Low Carb 1-2-3: 225 Simply Great 3-Ingredient Recipes

by Rozanne Gold, Helen Kimmel

Rodale Press, Incorporated

Copyright © 2004 by Rozanne Gold
ISBN: 1-5948-6165-X

Available for purchase at amazon.com



Recipes


6 grams

miso chicken with fresh ginger

This simple chicken dish is amazing because miso, fermented soybean paste, is a great carrier of flavors. Miso can be found in the refrigerated section in health food stores and Asian markets. You can make this dish with fresh ginger or prepare it with garlic cloves pushed through a press. I really can’t decide which I like better—so sometimes I make a platter of each for parties. In that case, do chicken breasts with ginger and thighs with garlic. If using garlic, push 4 large cloves through a garlic press and add to the miso-water mixture.

1⁄3 cup white (shiro) miso
1 6” piece fresh ginger
4 large chicken breast halves on the bone (about 10 ounces each), with skin

The day before you plan to serve, in a large bowl, combine the miso and 1⁄3 cup cold water and whisk until thoroughly combined, smooth, and thick.

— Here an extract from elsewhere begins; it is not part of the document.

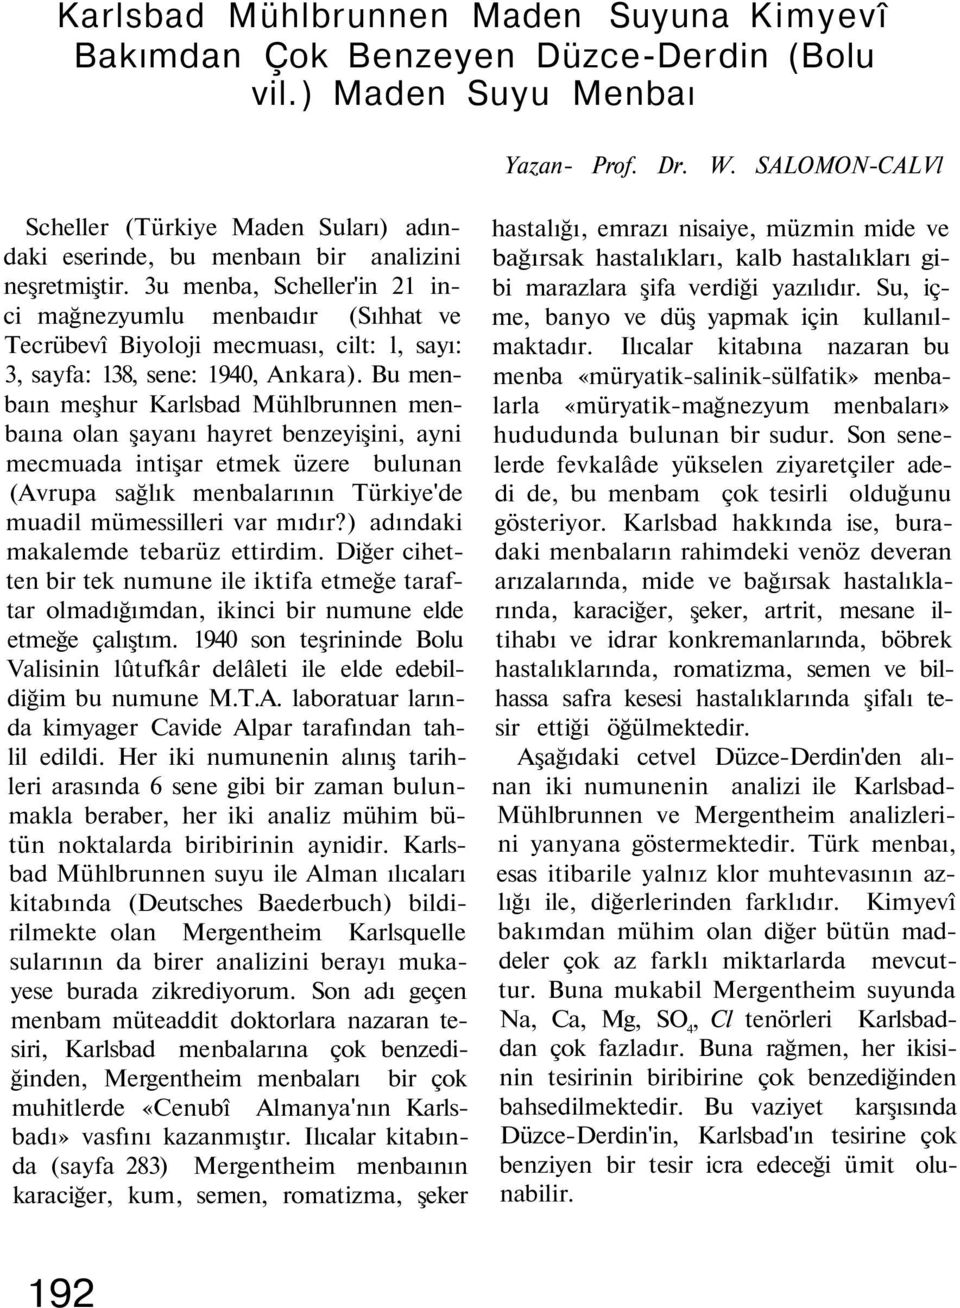 3u menba, Scheller'in 21 inci mağnezyumlu menbaıdır (Sıhhat ve Tecrübevî Biyoloji mecmuası, cilt: l, sayı: 3, sayfa: 138, sene: 1940, Ankara).
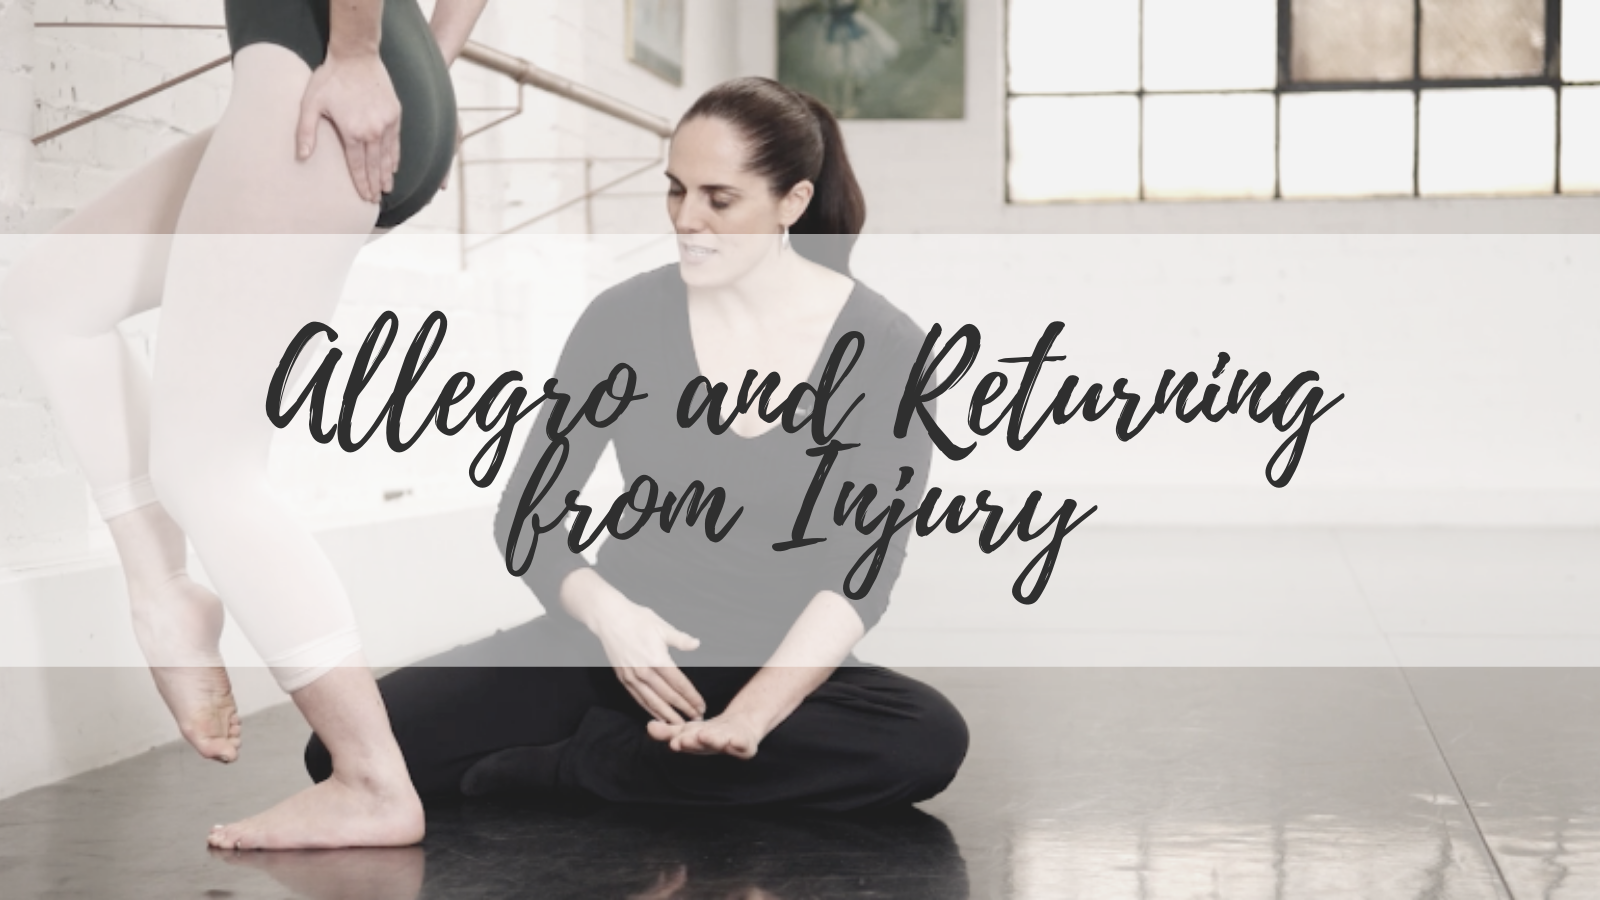 Allegro and Returning from Injury - L1 Thumbnail - Teacher Training - Lisa Howell - The Ballet Blog

Using a small, sharp knife, peel the ginger. Grate the ginger on the large holes of a box grater. Wrap the grated ginger in a paper towel and squeeze the ginger juice, about 2 tablespoons, through the paper towel into the bowl with the miso. Stir to incorporate.

Cut the chicken breasts in half across the width of each breast. Add the chicken to the miso-ginger mixture and turn the pieces to coat thoroughly. Sprinkle the chicken liberally with salt. For a more gingery flavor, you can finely chop the remaining ginger pulp, add it to the chicken, and mix again. Cover and refrigerate for 18 to 24 hours.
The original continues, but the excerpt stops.